- [WHAT IS EXPECTED]
Please make sure what you return matches the listing below exactly, minus its pictures.

- [COLLECTED DATA]
******

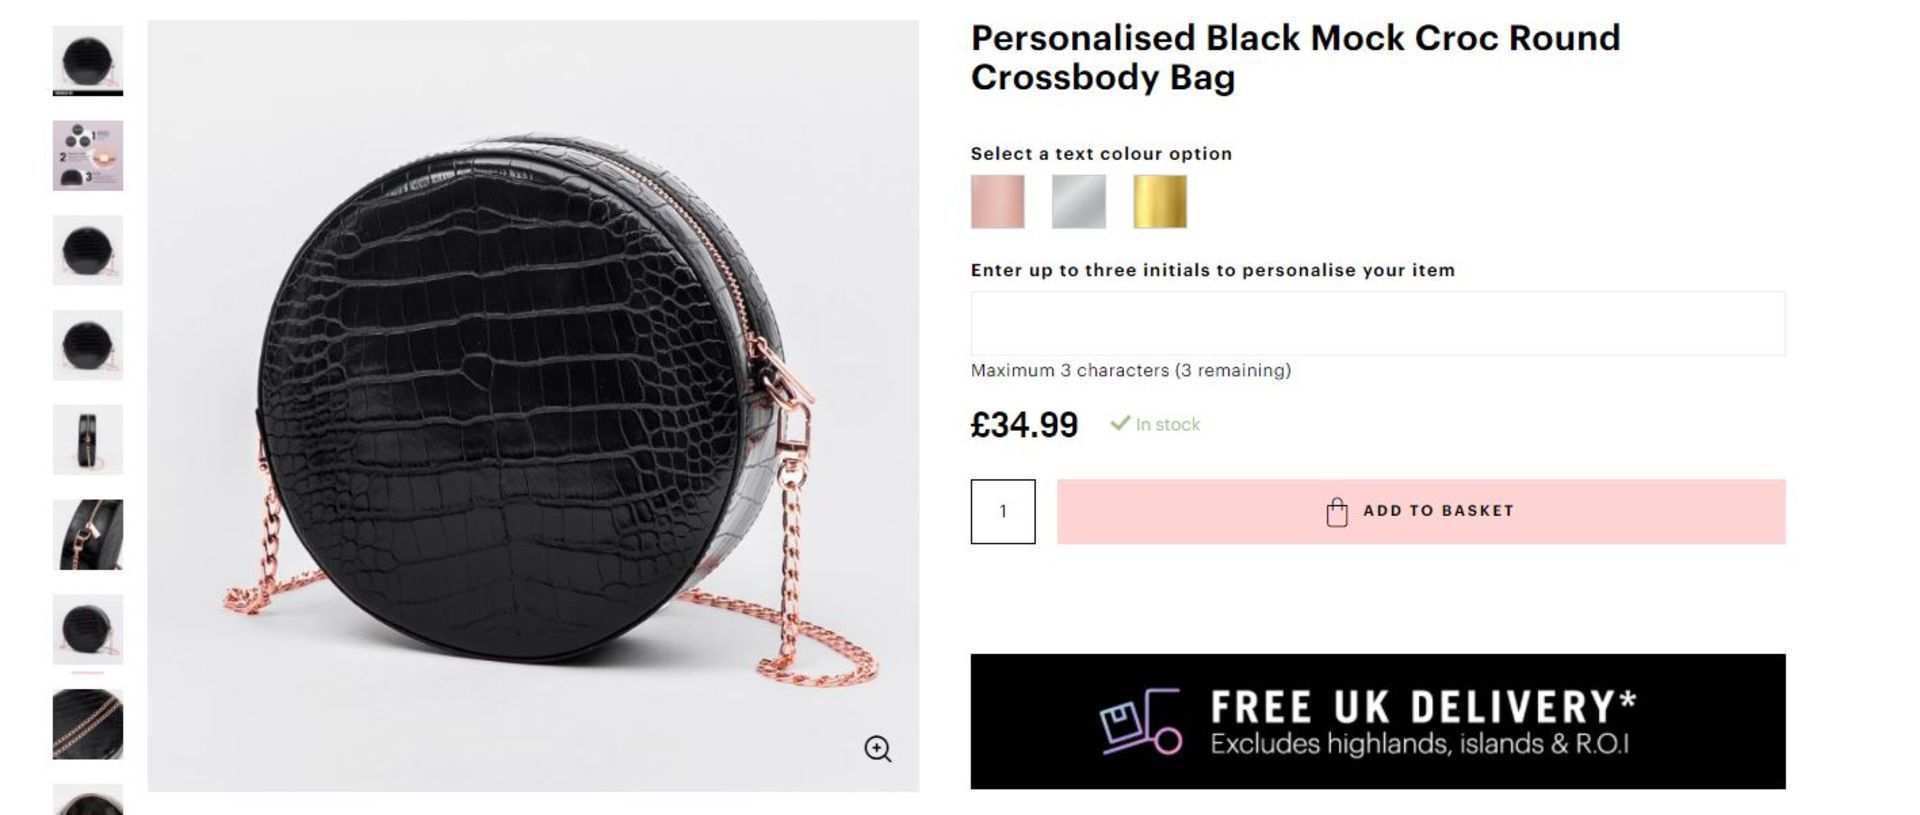 5 x NEW BOXED Beauti Mock Croc Round Crossbody Luxury Bag -Black. RRP £34.99 each. NOTE: ITEM IS NOT - Image 2 of 2
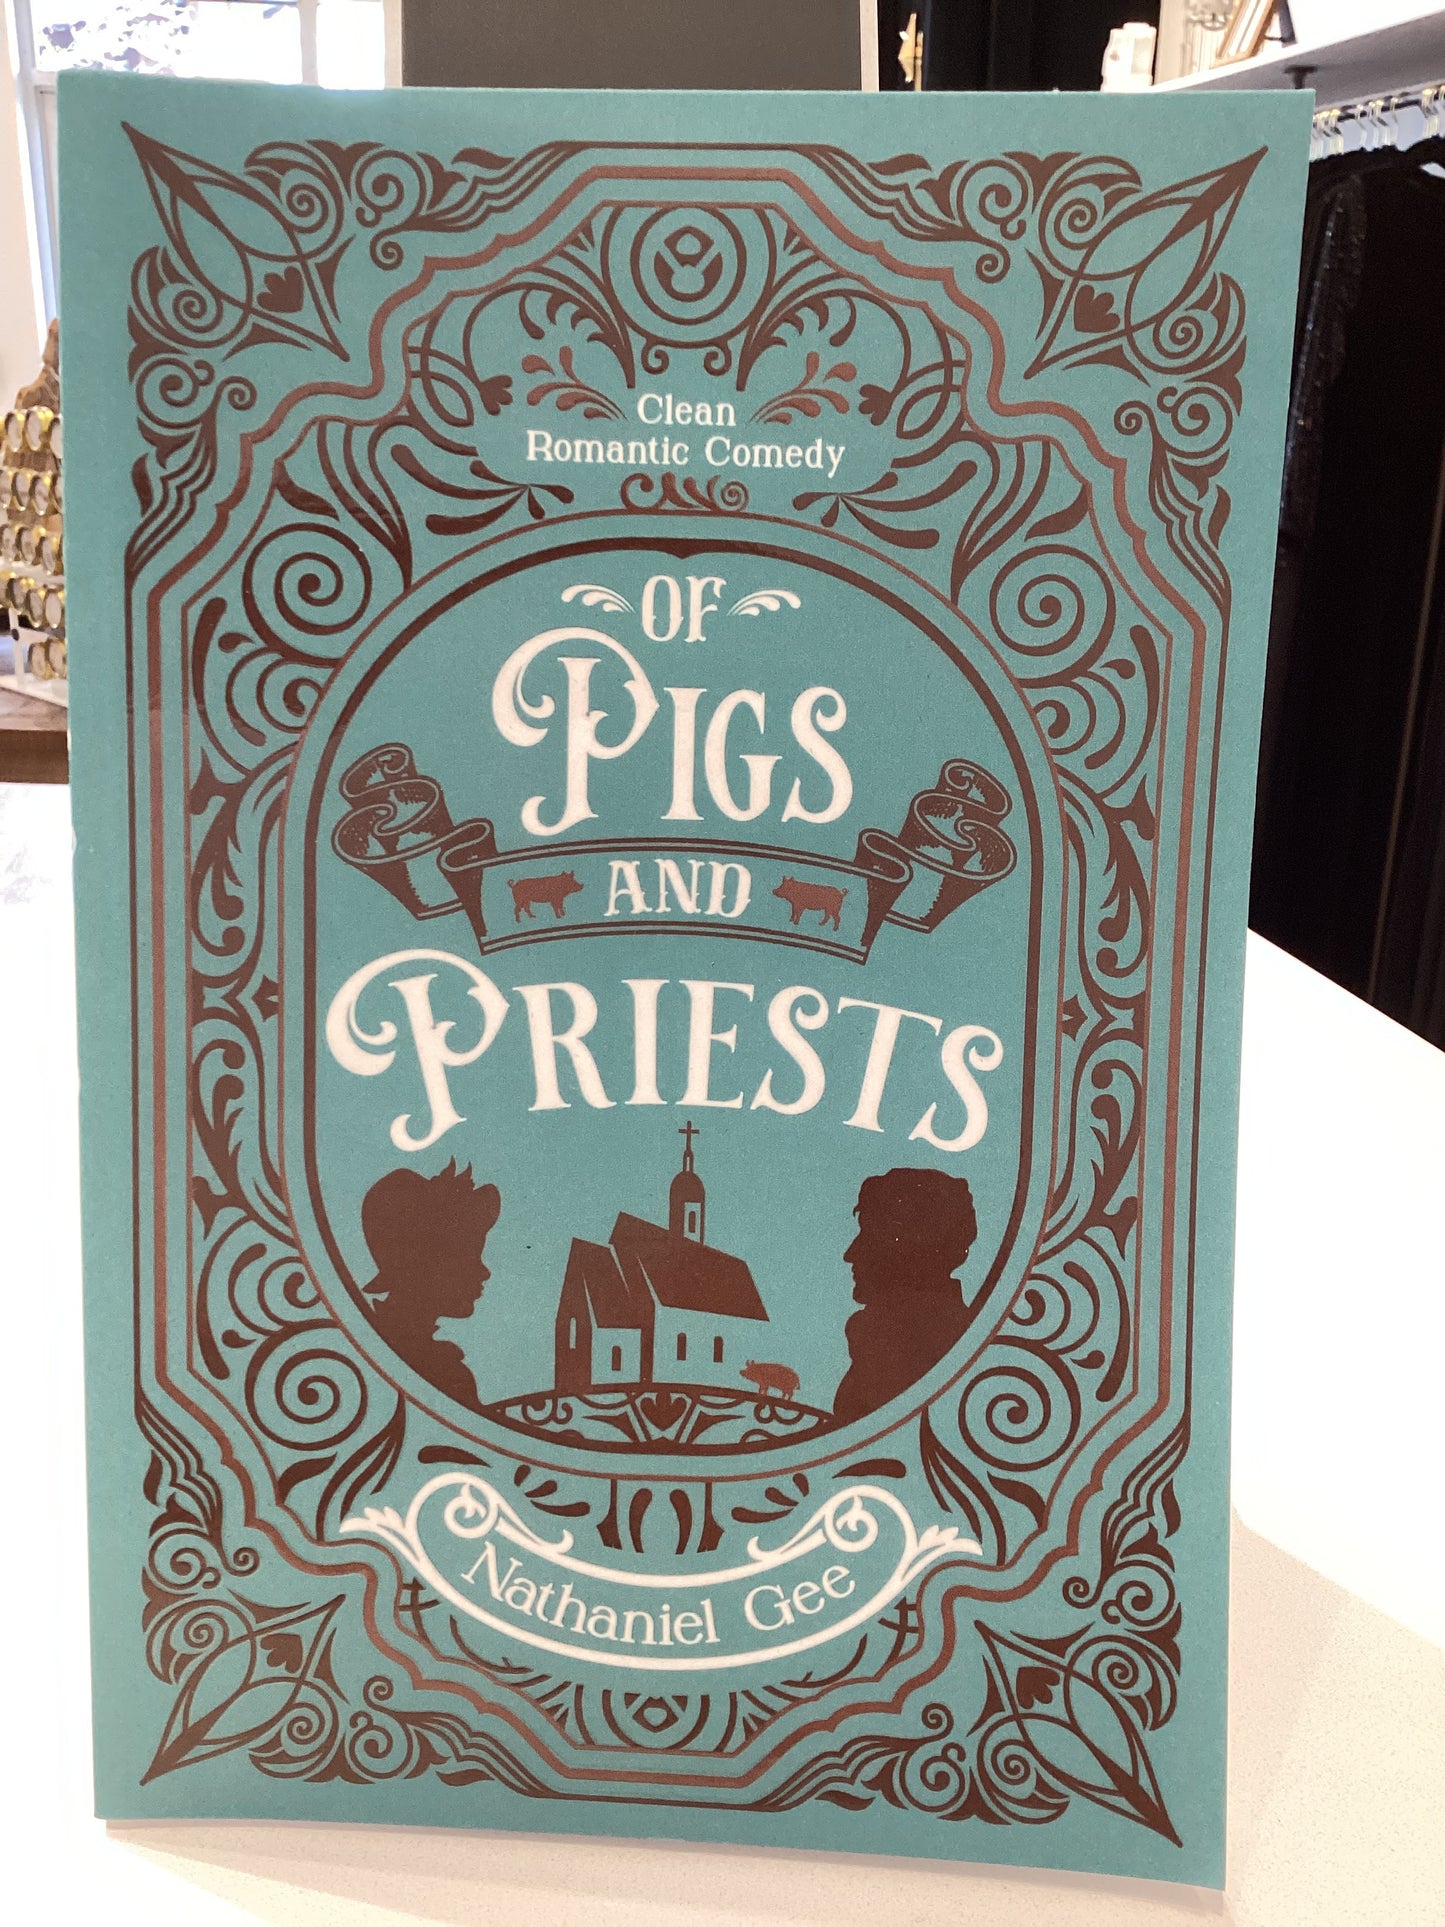 “Of Pigs and Priests” book by Nathaniel Gee
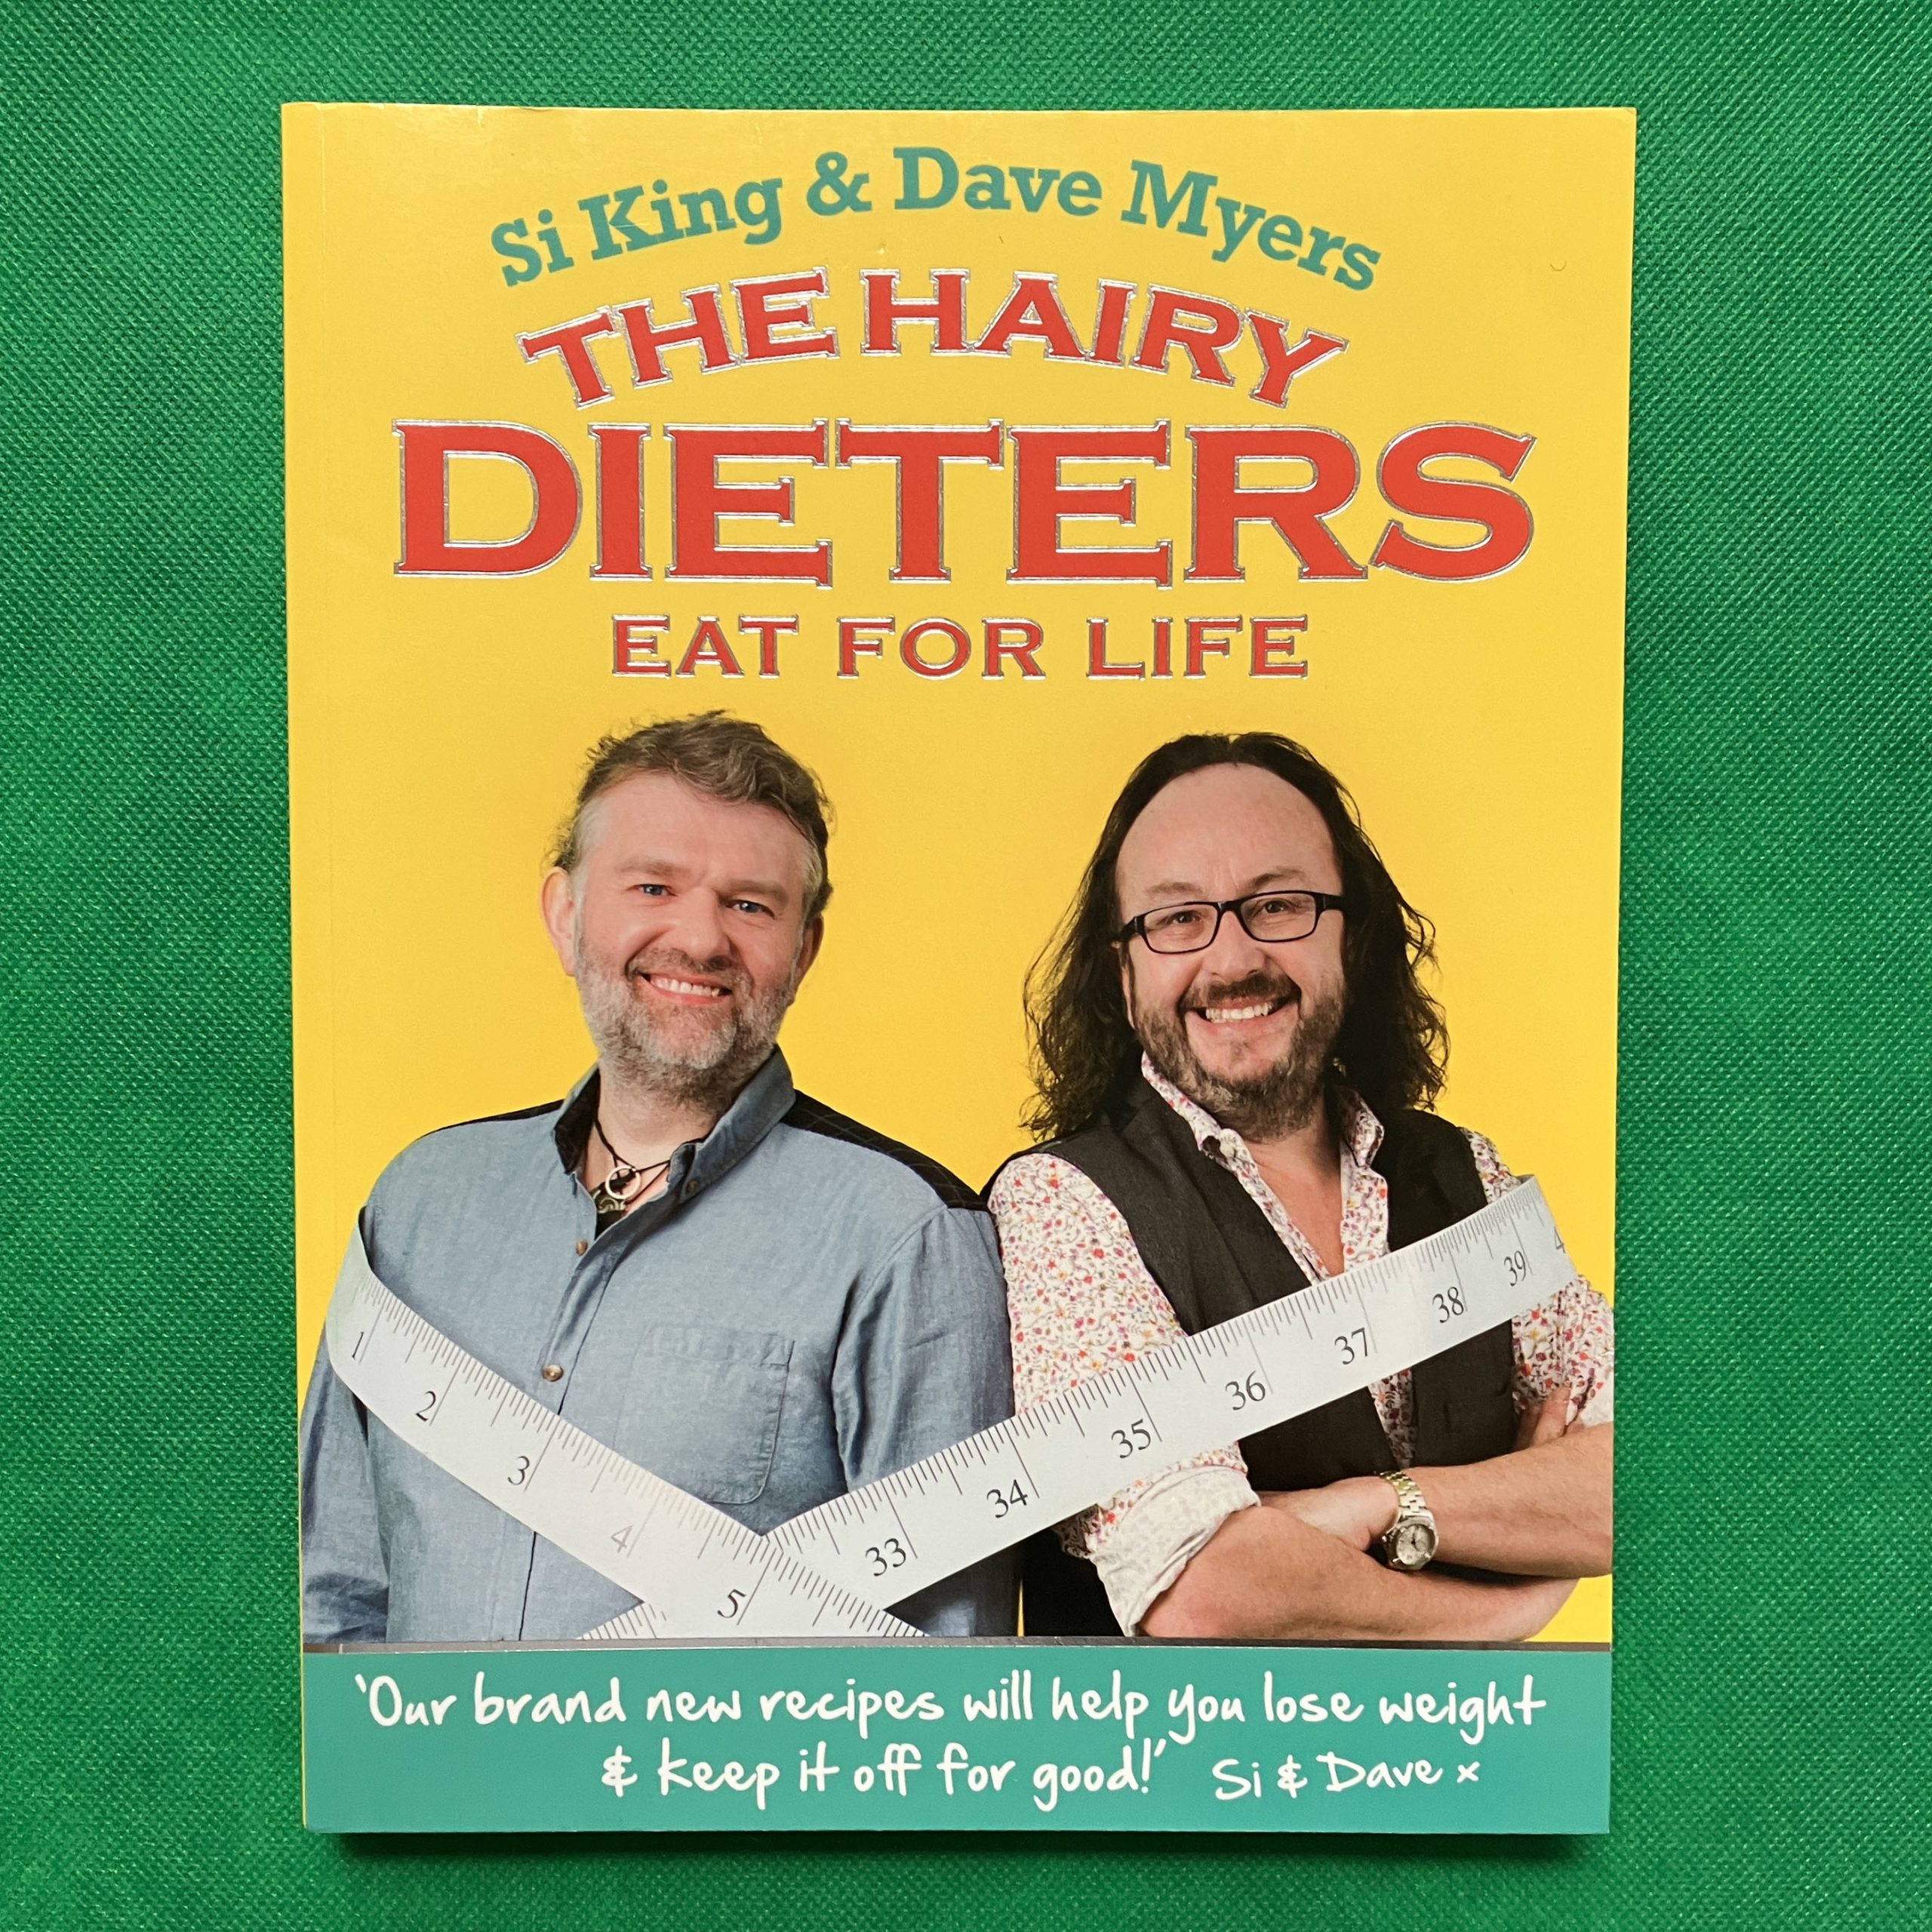 The Hairy Dieters Eat for Life

******

- [EXERCISE RESPONSE]
 5 x NEW BOXED Beauti Mock Croc Round Crossbody Luxury Bag -Black. RRP £34.99 each. NOTE: ITEM IS NOT - Image 2 of 2
 “Of Pigs and Priests” book by Nathaniel Gee
 The Hairy Dieters Eat for Life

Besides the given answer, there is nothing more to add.